A hydrogen atom ( mass $=1.66\times {{10}^{-27}}kg,$ ionisation potential $=13.6eV$ ), moving with a velocity of $6.24\times {{10}^{4}}m{{s}^{-1}}$ makes a completely inelastic head-on collision with another stationary hydrogen atom. Both atoms are in the ground state before collision. Up to what state either of one atom may be excited?

Answer 1

- Hint: To solve this question find the initial total kinetic energy of the system. Since, this is an inelastic collision it follows only the law of conservation of momentum. Using the law of conservation of momentum write the final velocity in terms of the initial velocity. Find the final kinetic energy and then the loss of energy of the system. This loss of energy will be equal to the energy used to excite the atom.
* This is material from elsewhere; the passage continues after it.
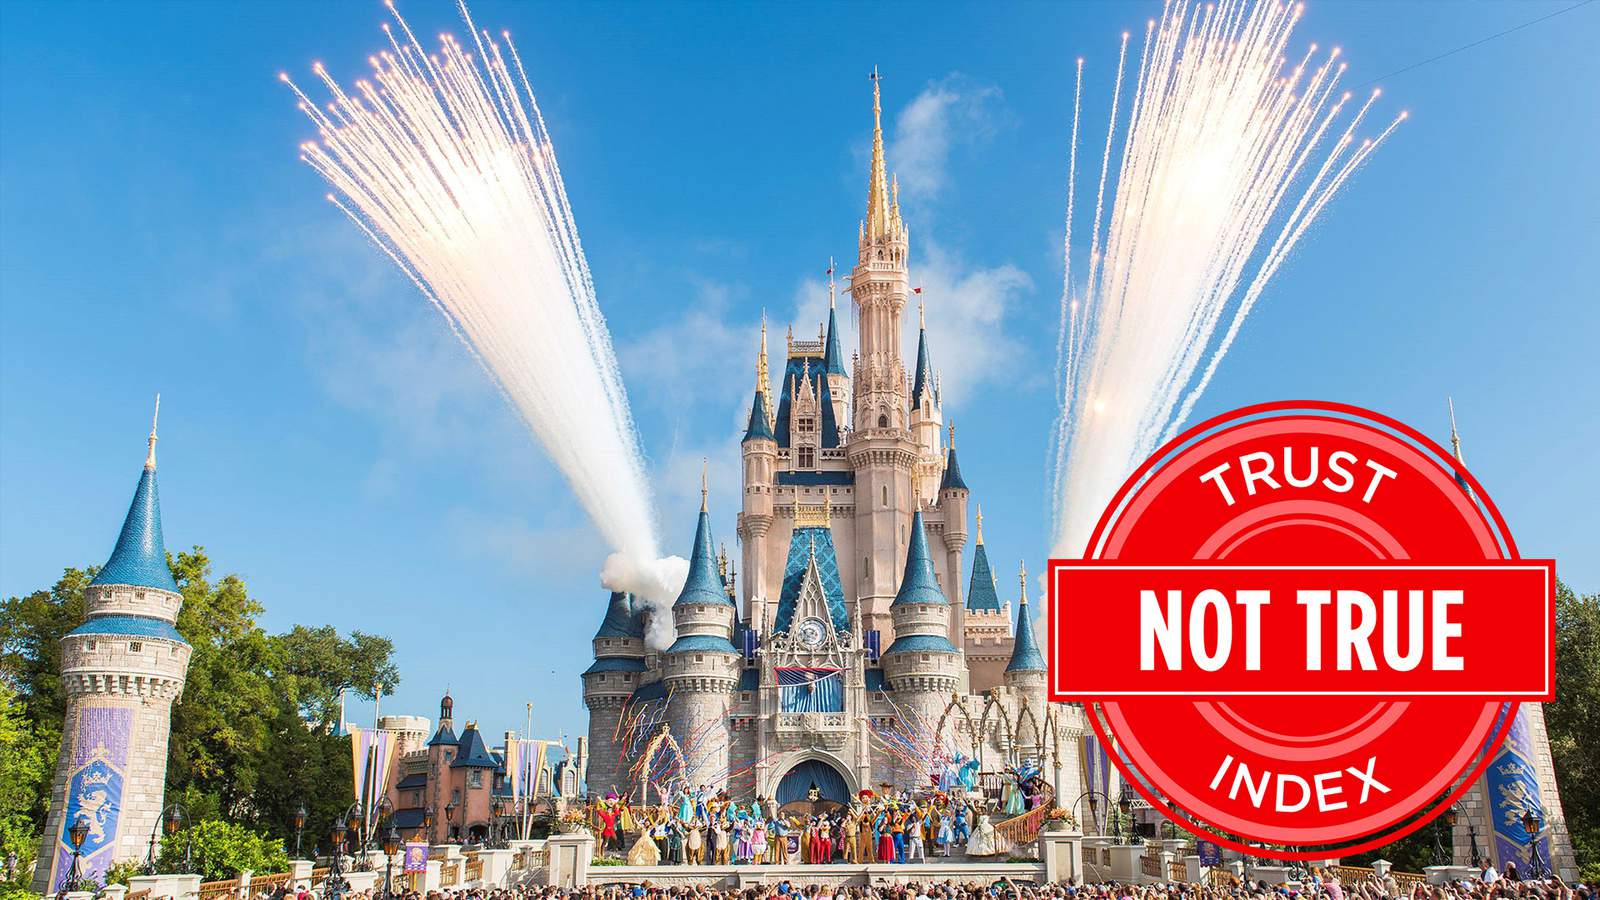 Disneyland Is Not Moving To Texas From California Despite Rumor
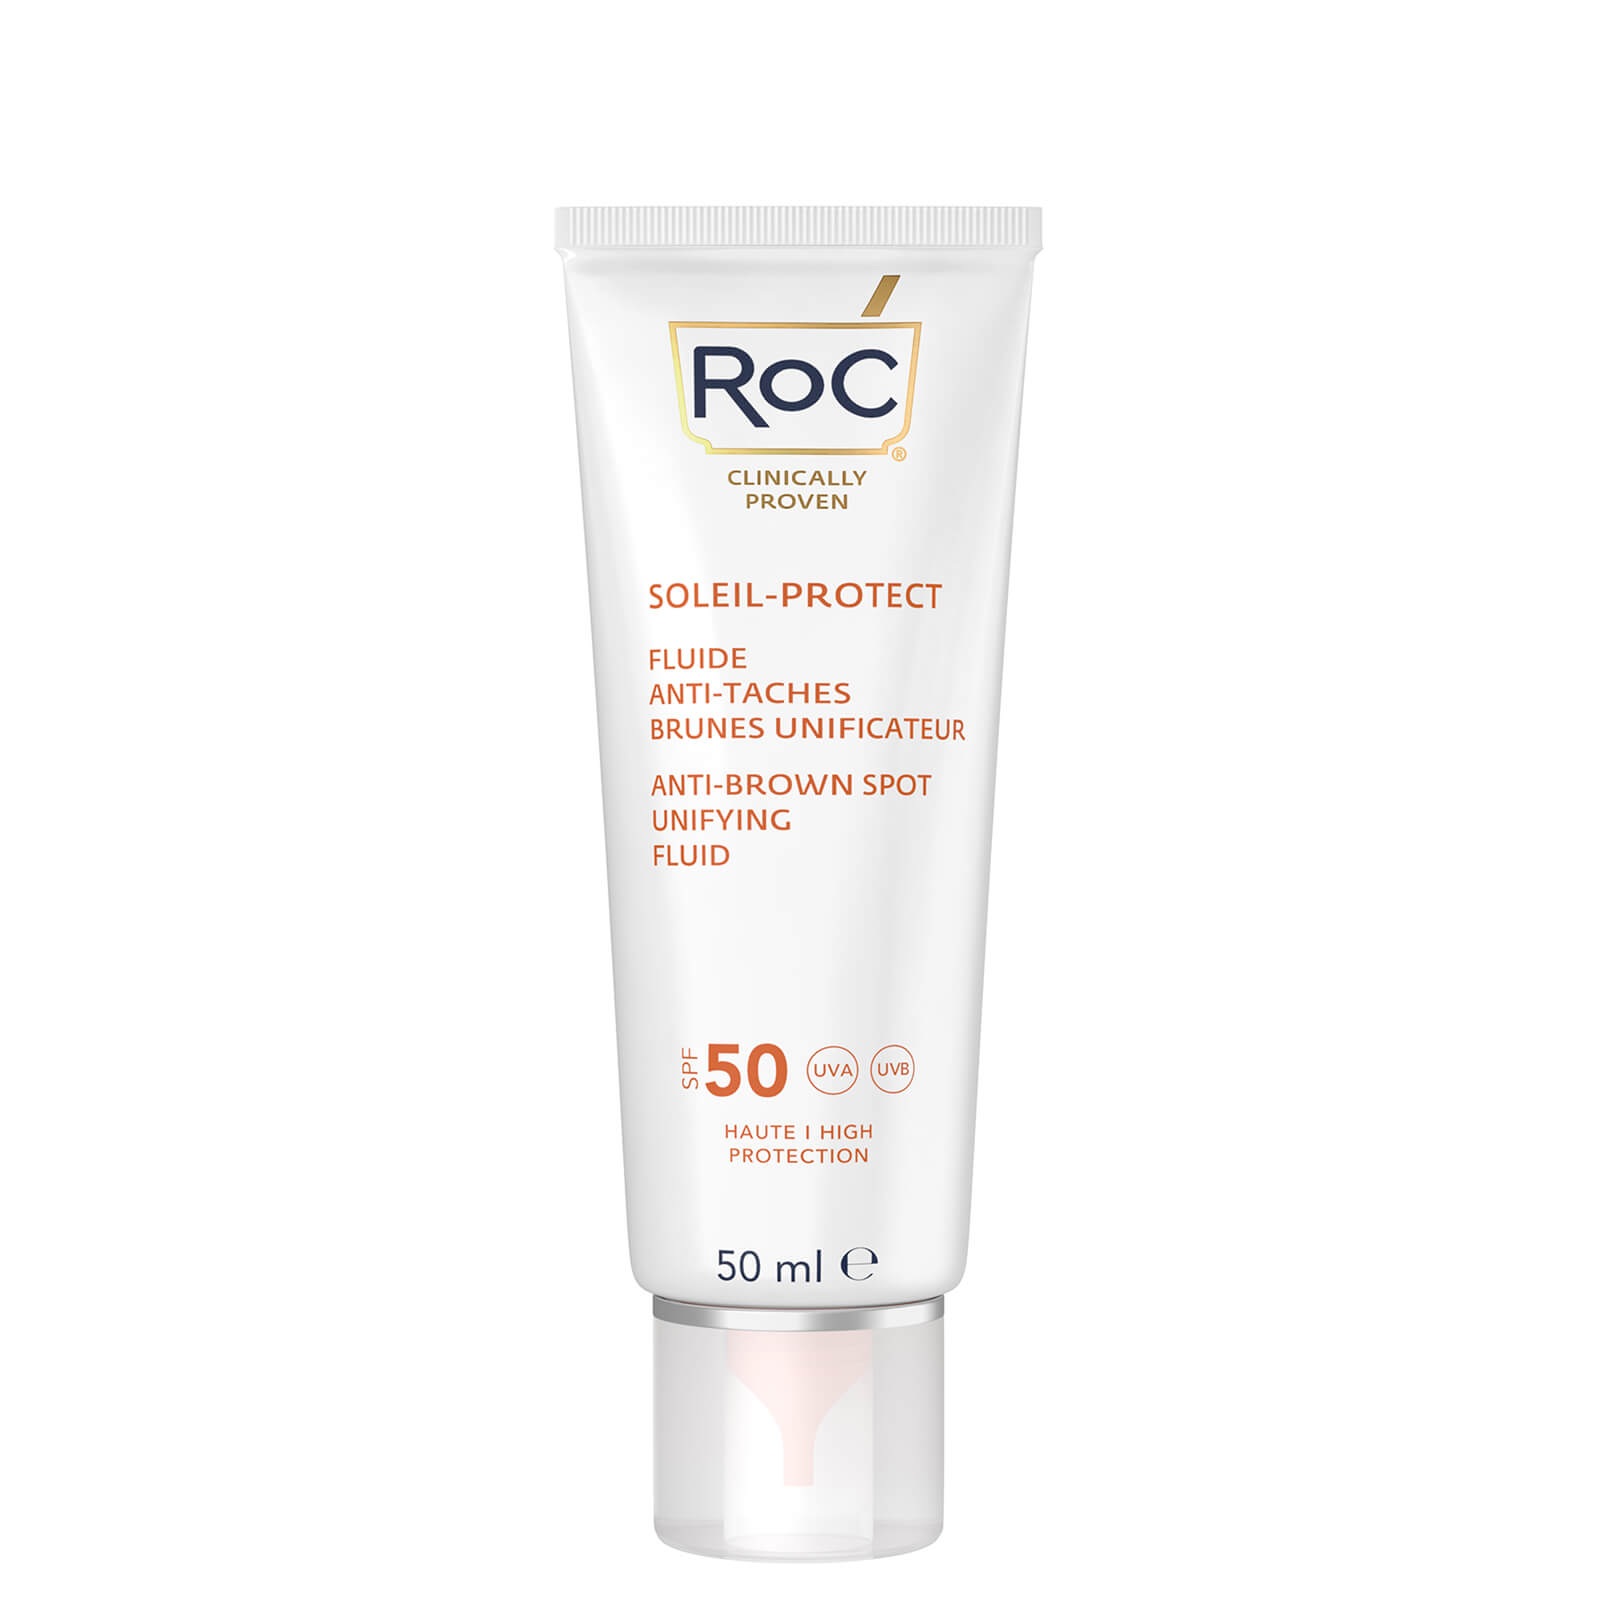 Roc Skincare - Roc soleil-protect anti-brown spot unifying fluid spf50 50ml

From this we can find the excitation state of the atom.

Complete step-by-step solution -
we are given that the mass of hydrogen is $m=1.66\times {{10}^{-27}}kg$
The velocity of the moving hydrogen atom is $v=6.24\times {{10}^{4}}m{{s}^{-1}}$
So, we can say that the initial kinetic energy of the system of the two hydrogen atoms is,
${{E}_{i}}=\dfrac{1}{2}m{{v}^{2}}$
After the inelastic collision, the two hydrogen atoms will combine to each other and the mass will be 2m.
Let the velocity of the combined system after collision will be ${{v}_{f}}$.
Applying the law of conservation of momentum on the system,
$\begin{aligned} & mv+0=2m{{v}_{f}} \\\ & {{v}_{f}}=\dfrac{v}{2} \\\ \end{aligned}$
The velocity of the final system will be $\dfrac{v}{2}$
The final kinetic energy of the system will be,
$\begin{aligned} & {{E}_{f}}=\dfrac{1}{2}\times 2m\times v_{f}^{2} \\\ & {{E}_{f}}=\dfrac{1}{2}\times 2m\times {{\left( \dfrac{v}{2} \right)}^{2}} \\\ & {{E}_{f}}=\dfrac{1}{4}m{{v}^{2}} \\\ \end{aligned}$
So, the change in energy or loss of energy of the system is,
$\begin{aligned} & \Delta E={{E}_{i}}-{{E}_{f}} \\\ & \Delta E=\dfrac{1}{2}m{{v}^{2}}-\dfrac{1}{4}m{{v}^{2}} \\\ & \Delta E=\dfrac{1}{4}m{{v}^{2}} \\\ \end{aligned}$
Putting the values of mass and velocity,
$\begin{aligned} & \Delta E=\dfrac{1}{4}\times 1.66\times {{10}^{-27}}\times {{\left( 6.24\times {{10}^{4}} \right)}^{2}} \\\ & \Delta E=16.16\times {{10}^{-19}}J \\\ \end{aligned}$
Converting into eV,
$\Delta E=\dfrac{16.16\times {{10}^{-19}}}{1.6\times {{10}^{-19}}}=10.1eV$
Now let this lost energy be used to excite the hydrogen atom to a higher excited state from ground state.
So, we can write that,
$\begin{aligned} & \Delta E=13.6\left( \dfrac{1}{{{1}^{2}}}-\dfrac{1}{n_{f}^{2}} \right) \\\ & 10.1=13.6\left( 1-\dfrac{1}{n_{f}^{2}} \right) \\\ & \left( 1-\dfrac{1}{n_{f}^{2}} \right)=\dfrac{10.1}{13.6} \\\ & \dfrac{1}{n_{f}^{2}}=1-\dfrac{10.1}{13.6} \\\ & \dfrac{1}{n_{f}^{2}}=\dfrac{3.5}{13.6} \\\ & n_{f}^{2}=3.89 \\\ & {{n}_{f}}=\sqrt{3.89} \\\ & {{n}_{f}}\approx 2 \\\ \end{aligned}$
So, the hydrogen atom will excite to the second state from the ground state.
Note: In inelastic collision only momentum of the system is conserved. If we consider an elastic collision both the momentum and kinetic energy of the system will be conserved. In inelastic collision, kinetic energy of the system does not conserve.